A system of nonlinear differential and algebraic equations governing diffusion and reaction is used to simulate a Film-Theory model of absorption of carbon dioxide and hydrogen sulfide in a tertiary-amine scrubber. Solutions to this system of equations are developed by applying various linearization methods.
First, the corresponding system of partial differential equations, with both spatial and temporal derivatives - i.e. which govern nonsteady-state behavior - is approximated with a finite-difference scheme, the results of which converge to a steady state (thereby providing what is believed to an exact “numerical solution”). However, its computation times make it unwieldy for optimization purposes.

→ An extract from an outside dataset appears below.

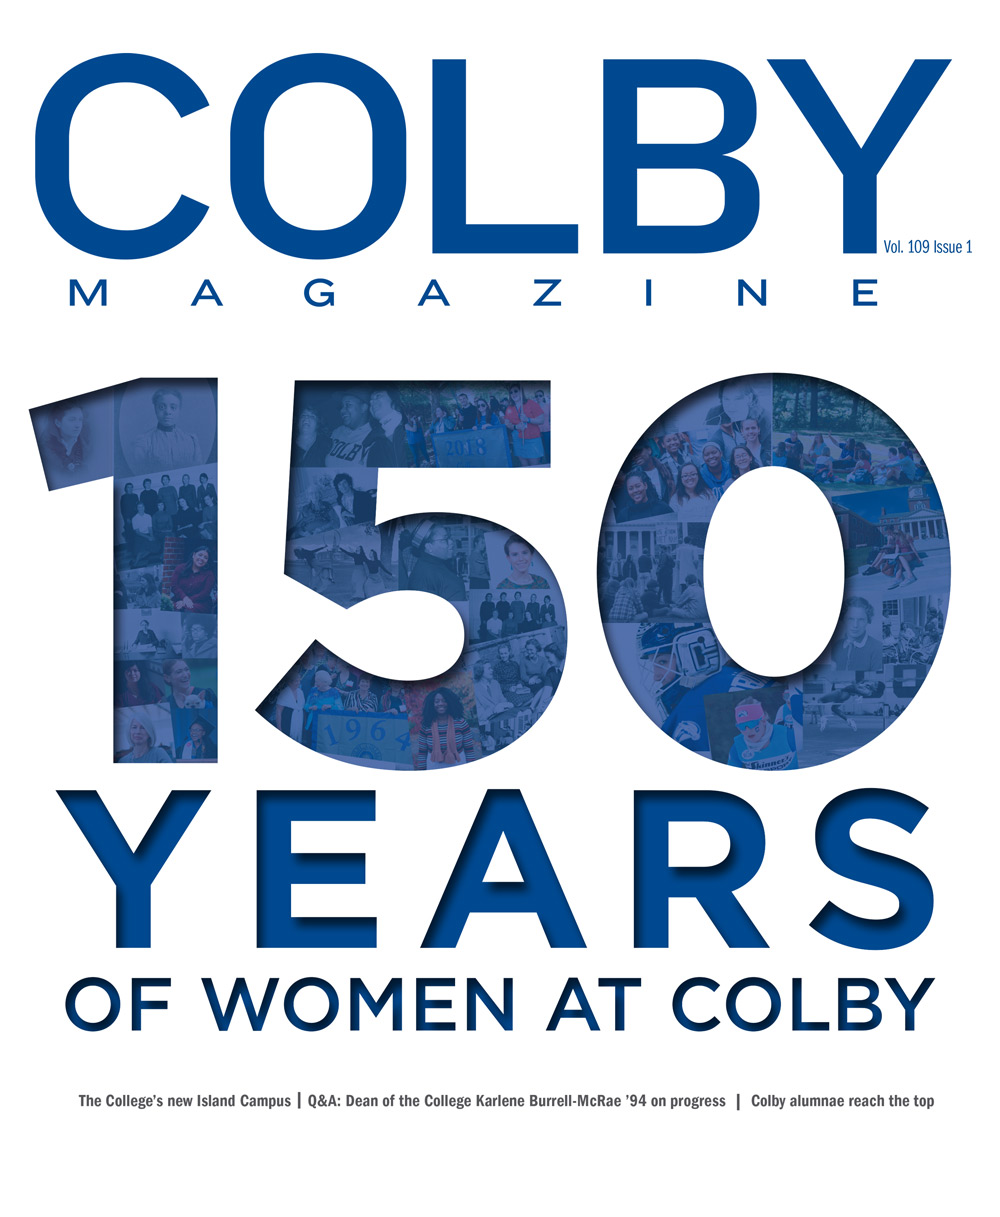 Colby Magazine Vol. 109 Issue 1 cover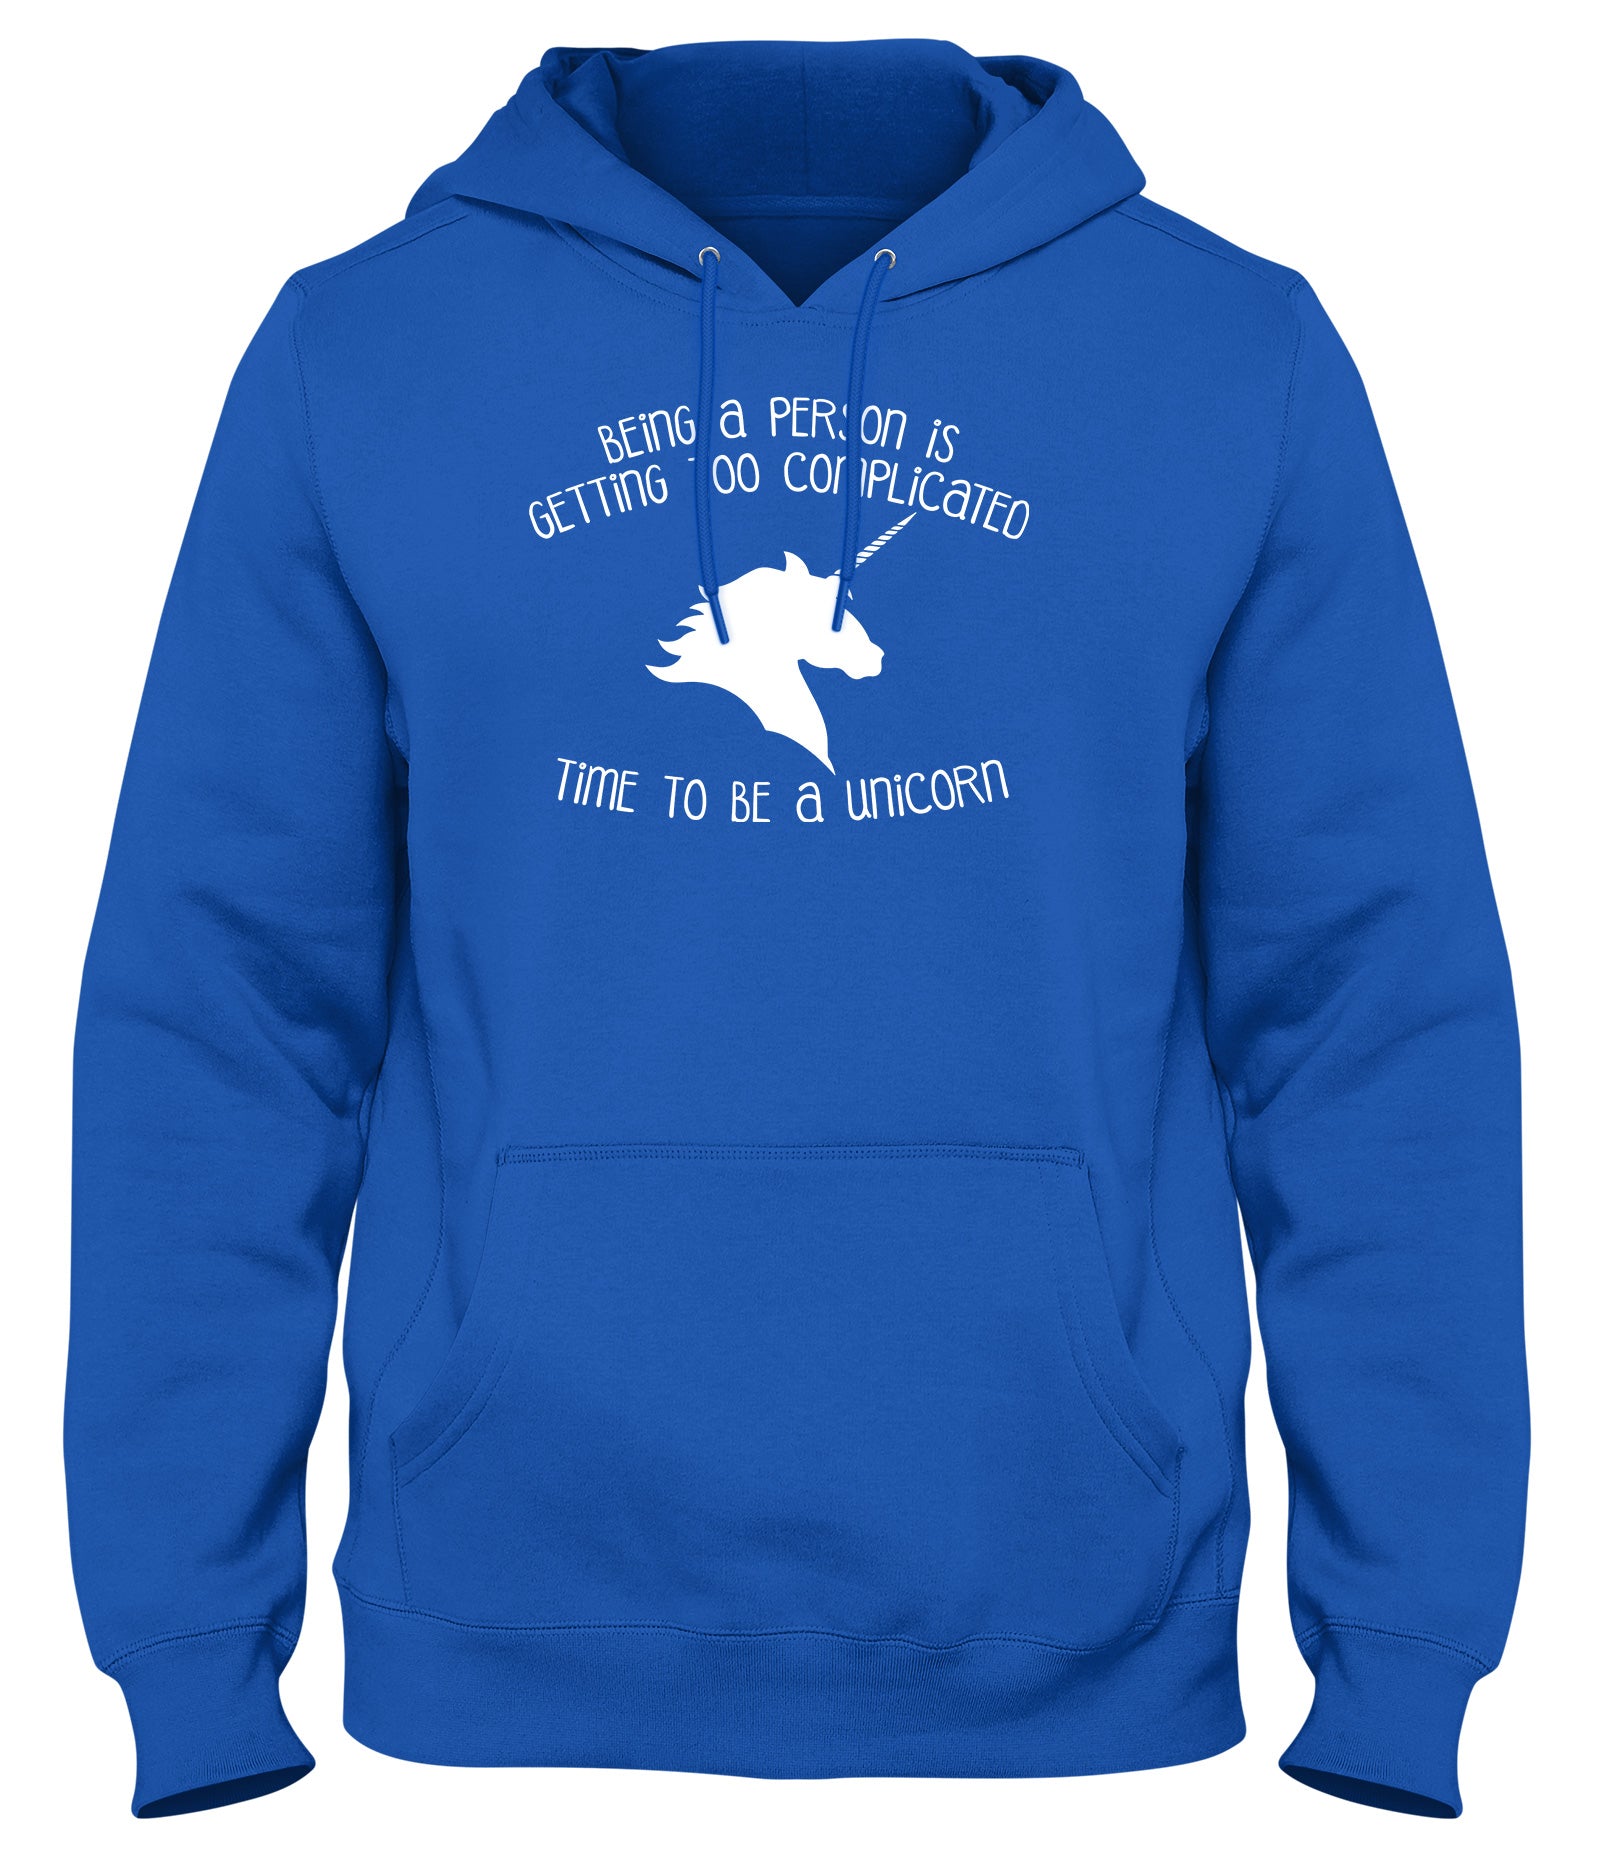 BEING A PERSON IS GETTING TOO COMPLICATED  TIME TO BE A UNICORN MENS LADIES WOMENS UNISEX HOODIE

Second, the method of van Krevelen and Hoftijzer (VKH) is applied to the ordinary differential equations (ODEs) and coupled algebraic equations governing steady-state behavior, and shown to provide reliable results over widely ranging conditions. However, the insertion of concentrations of nonvolatile reactants in the rate equation, whereby the VKH method linearizes the ODEs, is potentially problematic when applied to cases with higher pressures of hydrogen sulfide; in such cases, absorption rates based on the VKH lose accuracy when compared with those calculated using numerical methods. With that caveat, the VKH method is used to explore the role of the tertiary amine's pKa in optimizing selectivity for hydrogen sulfide.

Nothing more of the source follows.